### WORK REQUIRED
All of the data is to be written out again exactly, without the pictures.

### DATASET SECTION
+ + + +
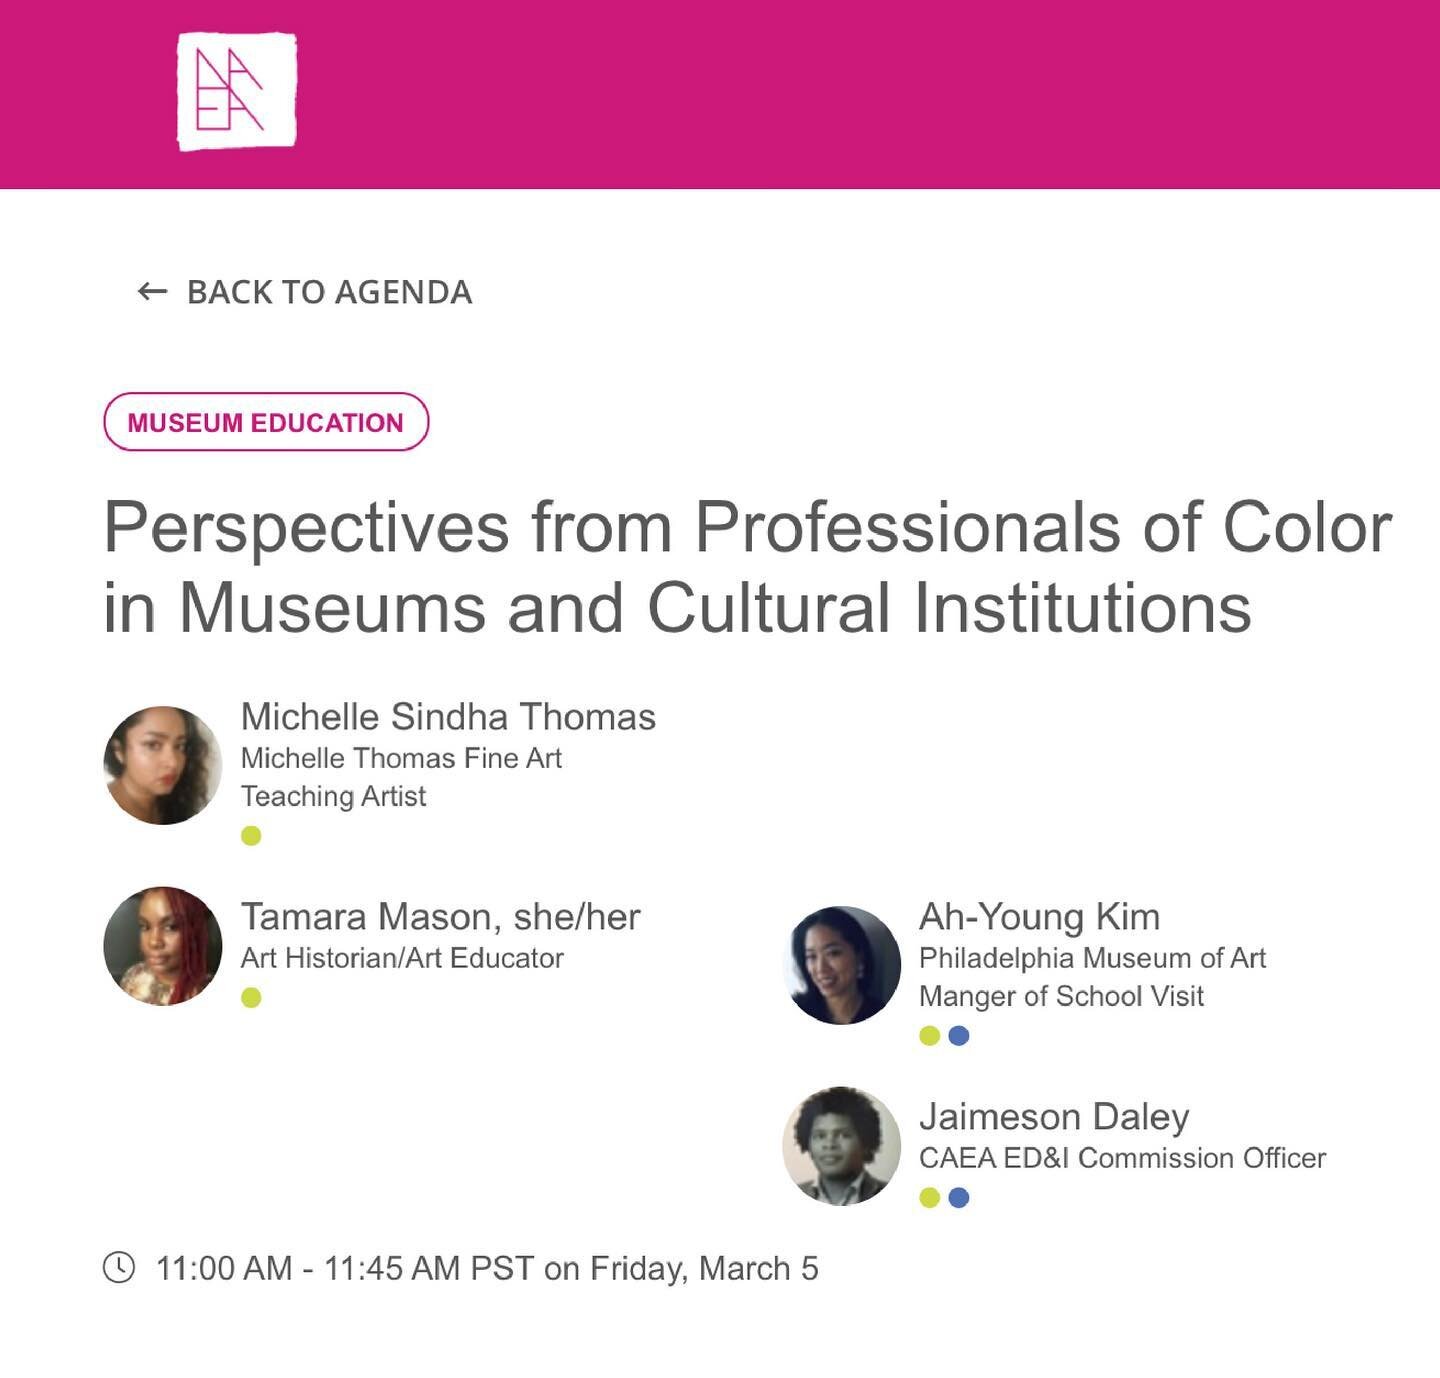 An honor to present with this panel of bright stars at the 2021 NAEA National Convention.

My talking points, in summary:

I'm a teaching artist with experience in the context of schools, museums, city art centers, community art making initiatives, a
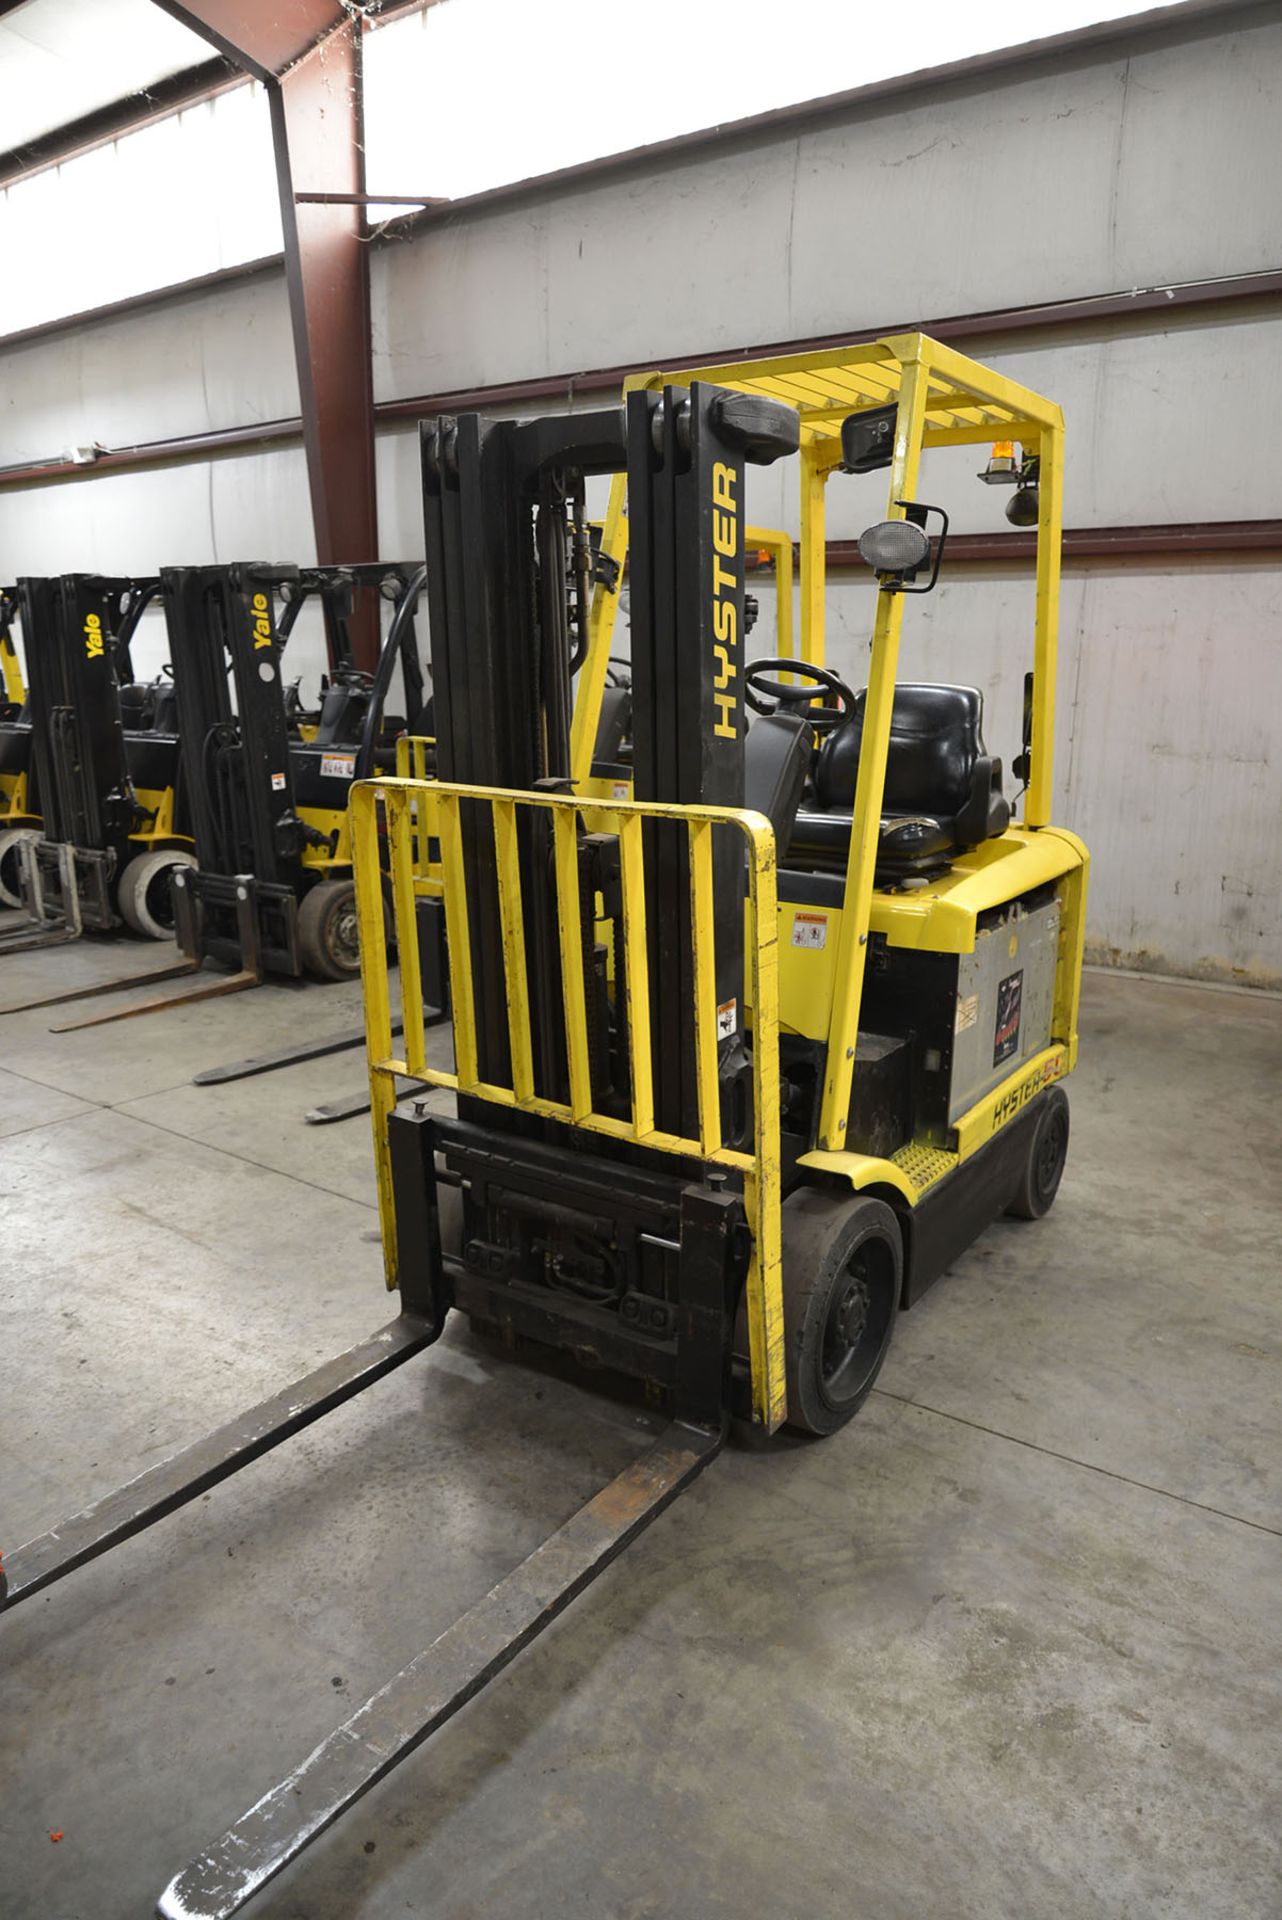 2007 HYSTER 5,500-LB., MODEL: E55Z-33, SN: G108N06319E, 48V ELECTRIC, SOLID TIRES, MONOTROL, 3-STAGE - Image 2 of 6
+ + + +
### SOLUTION BELOW
 An honor to present with this panel of bright stars at the 2021 NAEA National Convention.

My talking points, in summary:

I'm a teaching artist with experience in the context of schools, museums, city art centers, community art making initiatives, a
 2007 HYSTER 5,500-LB., MODEL: E55Z-33, SN: G108N06319E, 48V ELECTRIC, SOLID TIRES, MONOTROL, 3-STAGE - Image 2 of 6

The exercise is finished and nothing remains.